This retrospective analysis of the United States 2007 National Health and Wellness Survey included women age ≥ 40 years who reported having a diagnosis of osteoporosis (69% of 3276) or osteopenia (31% of 3276). Patients were stratified by whether they were or were not taking prescription treatment for osteoporosis/osteopenia. Using 34 patient characteristics as covariates, logistic regression was used to determine factors associated with treatment.
Current prescription treatment was reported by 1800 of 3276 (54.9%) women with osteoporosis/osteopenia. The following factors were associated with receiving prescription treatment: patient-reported diagnosis of osteoporosis (versus osteopenia); previous bone mineral density test; ≥ 2 fractures since age 50; older age; lower body mass index; better physical functioning; postmenopausal status; family history of osteoporosis; fewer comorbidities; prescription insurance coverage; higher total prescription count; higher ratio of prescription costs to monthly income; higher income; single status; previous visit to a rheumatologist or gynecologist; and 1 or 2 outpatient visits to healthcare provider (vs. none) in the prior 6 months. Glucocorticoid, tobacco, and daily alcohol use were risk factors for fracture that were not associated with treatment.
There is a mismatch between those women who could benefit from treatment for osteoporosis and those who are actually treated. For example, self-reported use of glucocorticoids, tobacco, and alcohol were not associated with prescription treatment of osteoporosis. Other clinical and socioeconomic factors were associated with treatment (e.g. prescription drug coverage and higher income) or not (e.g. comorbid osteoarthritis and anxiety) and could be opportunities to improve care.
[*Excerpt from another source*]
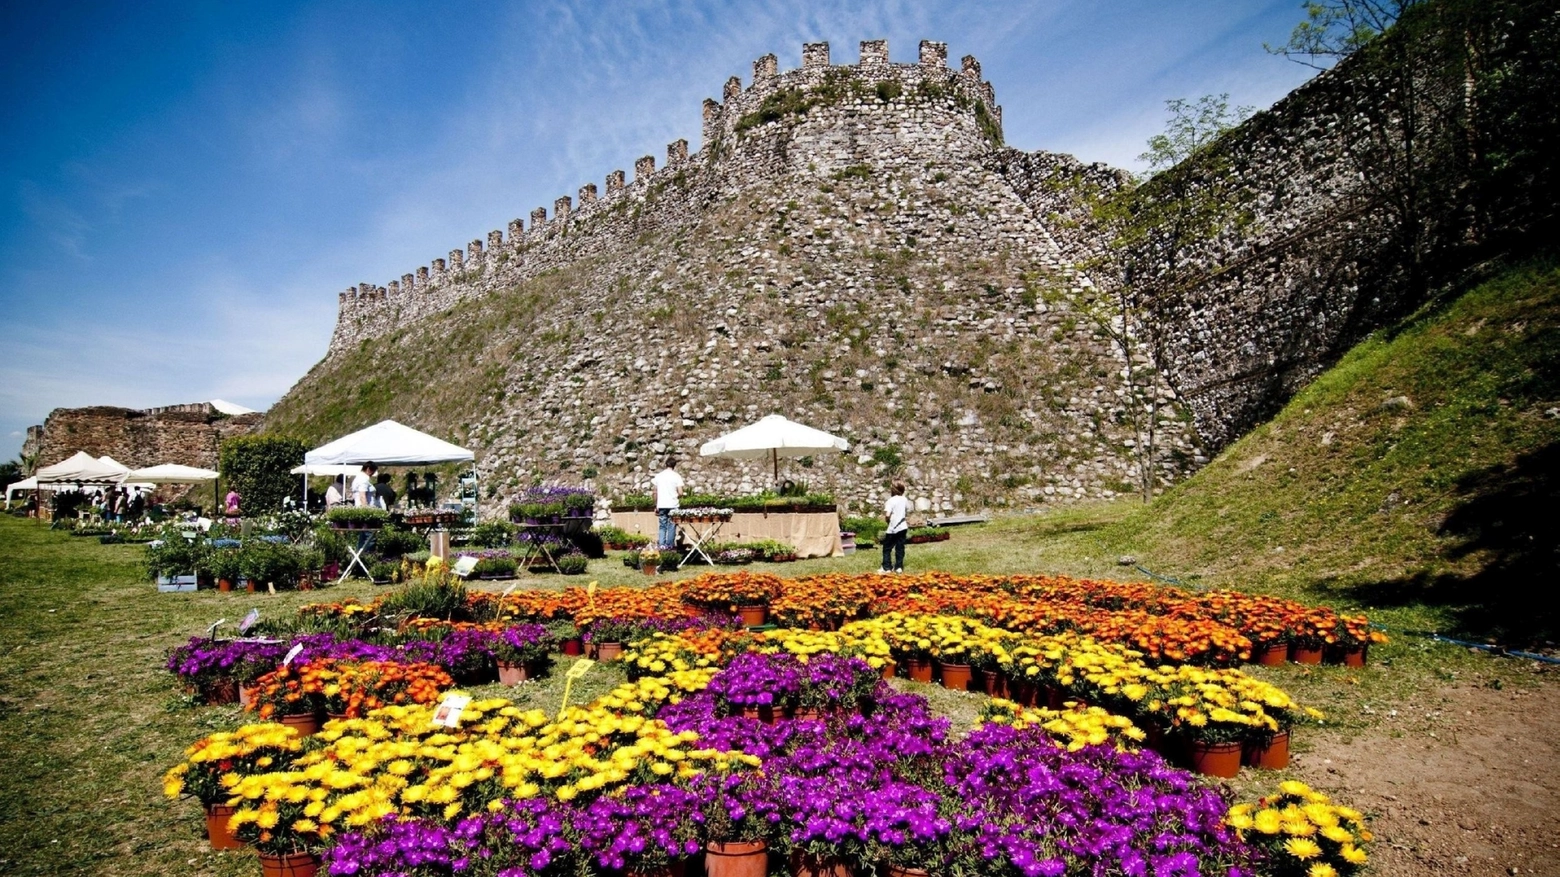 Dal 28 al 30 maggio torna l'appuntamento con la mostra mercato di fiori e piante rare nella quattrocentesca Rocca di Lonato del Garda

Osteoporosis is a systemic skeletal disorder characterized by low bone mass, structural deterioration of bone tissue, and an increased vulnerability to low-trauma fractures [1, 2]. In the United States (US), an estimated 10 million people are affected by osteoporosis, and an additional 34 million are believed to have low bone mass, or osteopenia, placing them at increased risk for osteoporosis [3, 4]. Low bone mass density (BMD) results in 1.5 million fractures annually, exacting a national cost of 14 billion dollars, and often, a profound personal cost [3, 5]. These fractures are associated with chronic pain, increased dependence, reduced mobility, deformity, depression, loss of self-esteem, increased rates of hospitalization, and heavy personal socioeconomic burden [3, 5, 6].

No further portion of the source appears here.